## TASK TO CARRY OUT
Please return exactly the lines from the top of the data through the line that contains "Overhead luggage compartment", and skip all pictures.

## AVAILABLE DATA
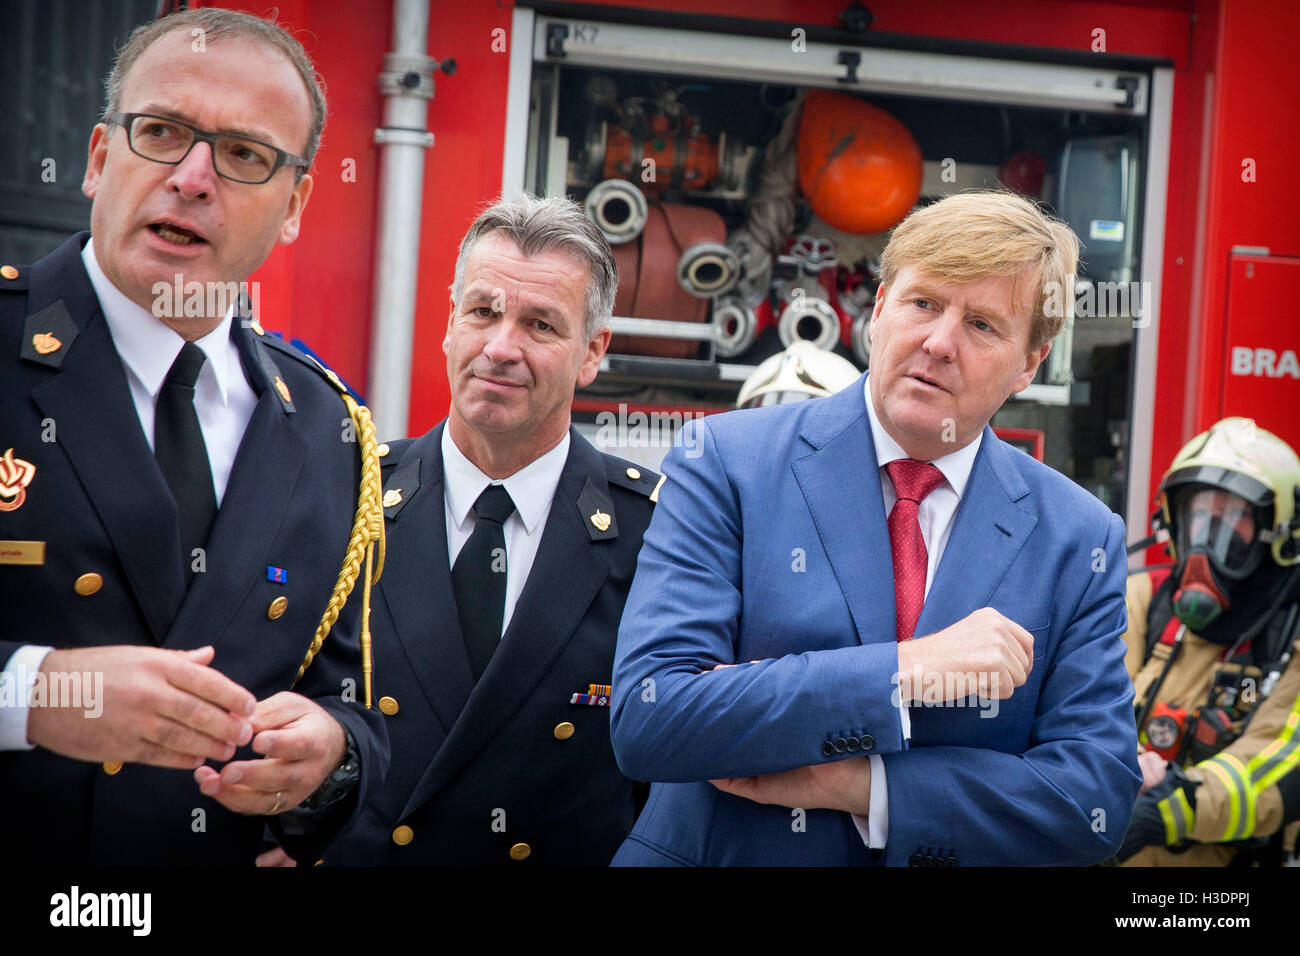 Deurningen, The Netherlands. 6th Oct, 2016. King Willem-Alexander of The Netherlands (R) visits the Twente Safety Campus in Deurningen, The Netherlands, 6 October 2016. At the campus school children and the elderly how to react in dangerous situations. Photo: Patrick van Katwijk//POINT DE VUE OUT/dpa/Alamy Live News Stock Photo
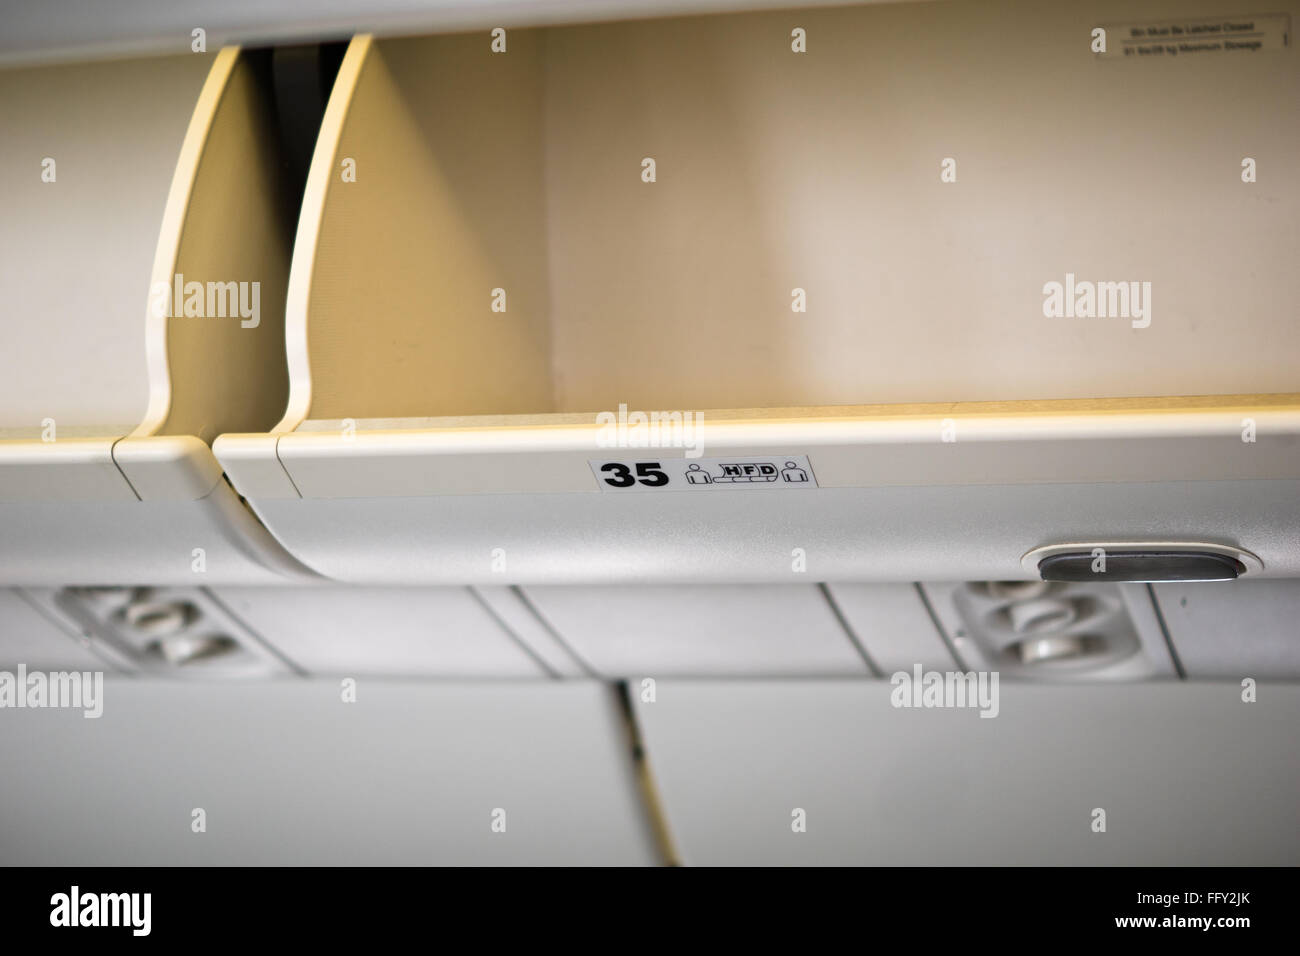 Overhead luggage compartment of airplane Stock Photo
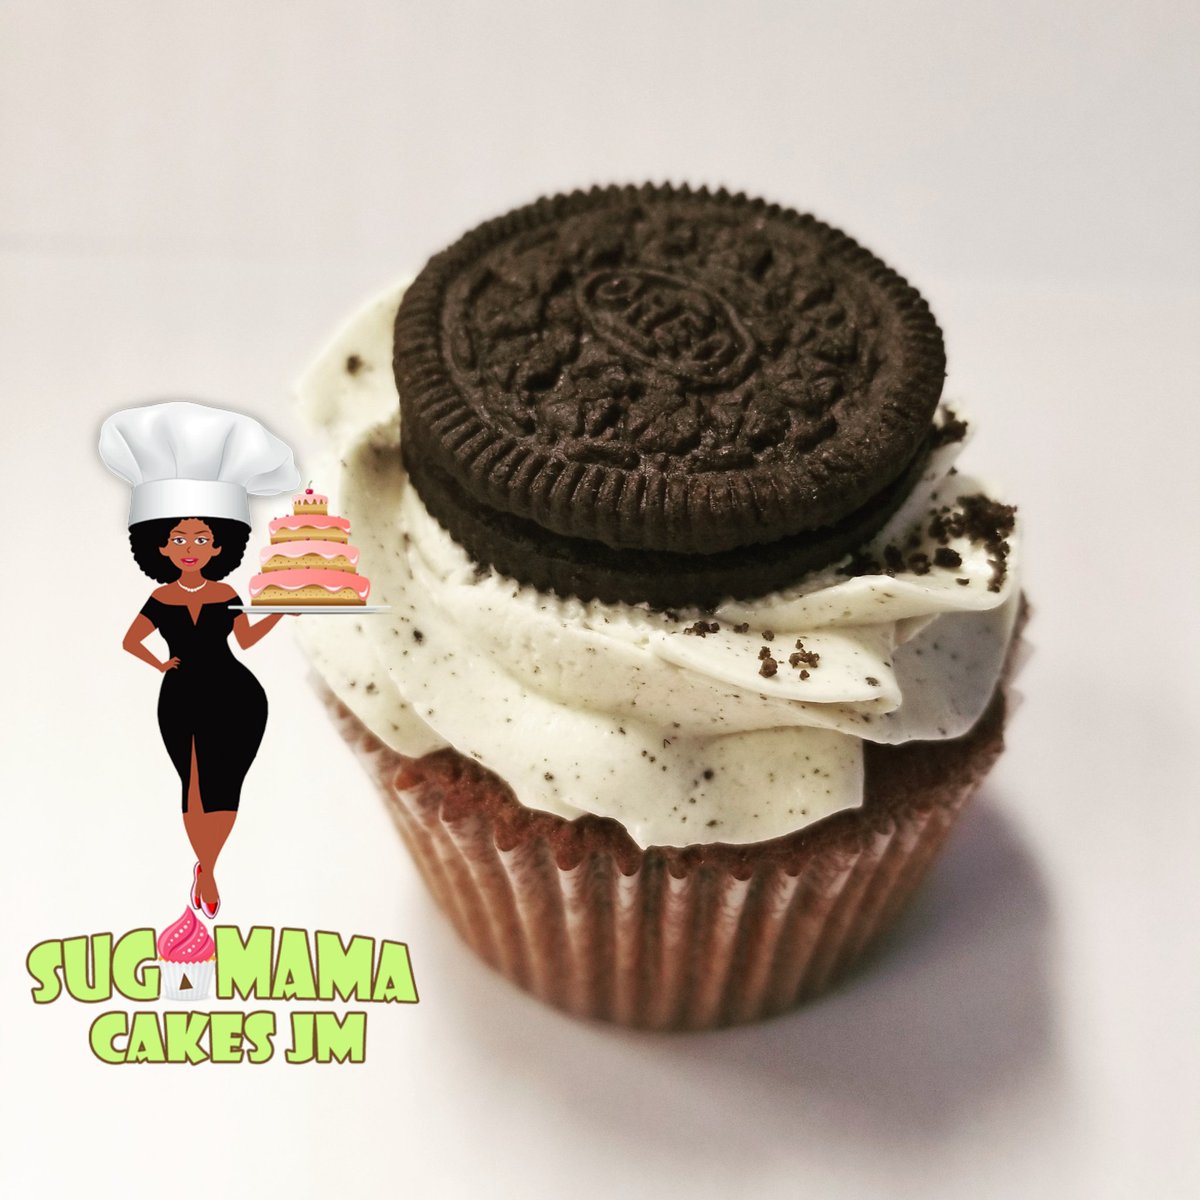 For $3600.00 per dozen, the beloved Oreo Cupcake is a triple threat with a sneaky surprise on the inside. #cupcake #oreo #oreocupcake #yummy #yummyfood #sweettreat #foodporn #pastryjunkie #cupcakeaddict #sugarrush #sugamamacakesjm #bakeday #bakelife #chocolate #chocolatecupcake
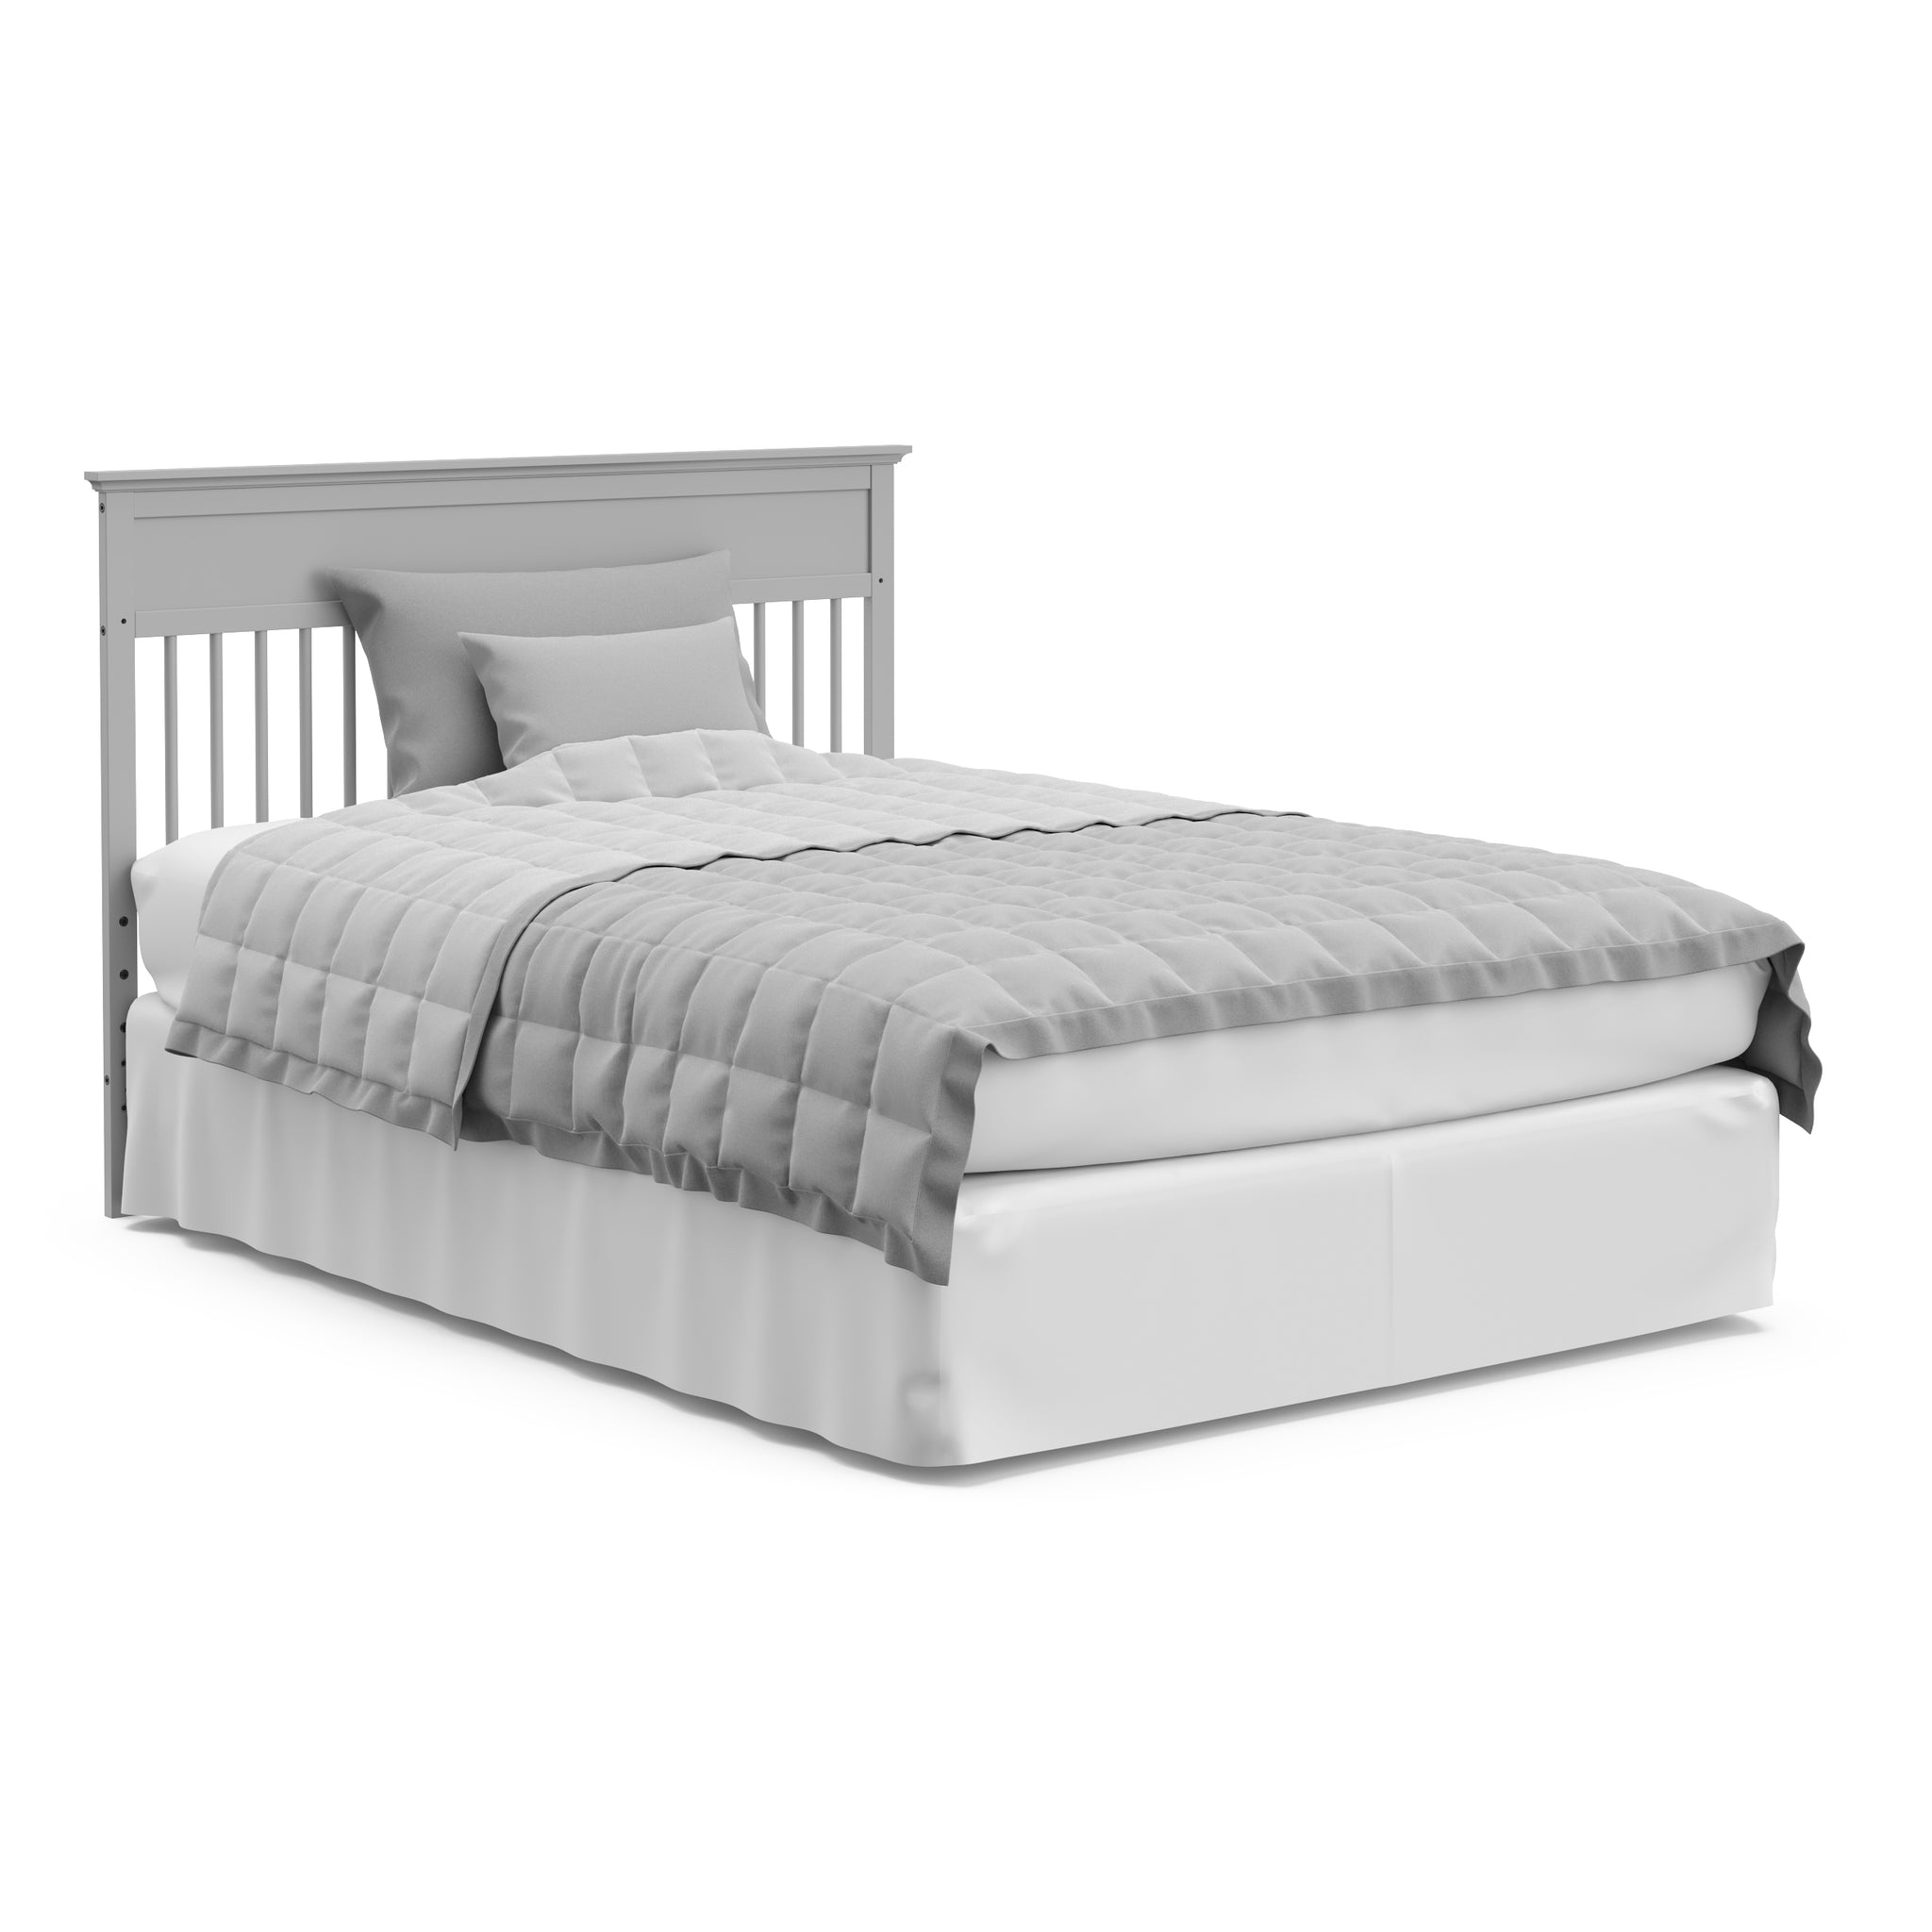 pebble gray crib in full-size bed with headboard conversion

## FINAL ANSWER
 Deurningen, The Netherlands. 6th Oct, 2016. King Willem-Alexander of The Netherlands (R) visits the Twente Safety Campus in Deurningen, The Netherlands, 6 October 2016. At the campus school children and the elderly how to react in dangerous situations. Photo: Patrick van Katwijk//POINT DE VUE OUT/dpa/Alamy Live News Stock Photo
 Overhead luggage compartment of airplane Stock Photo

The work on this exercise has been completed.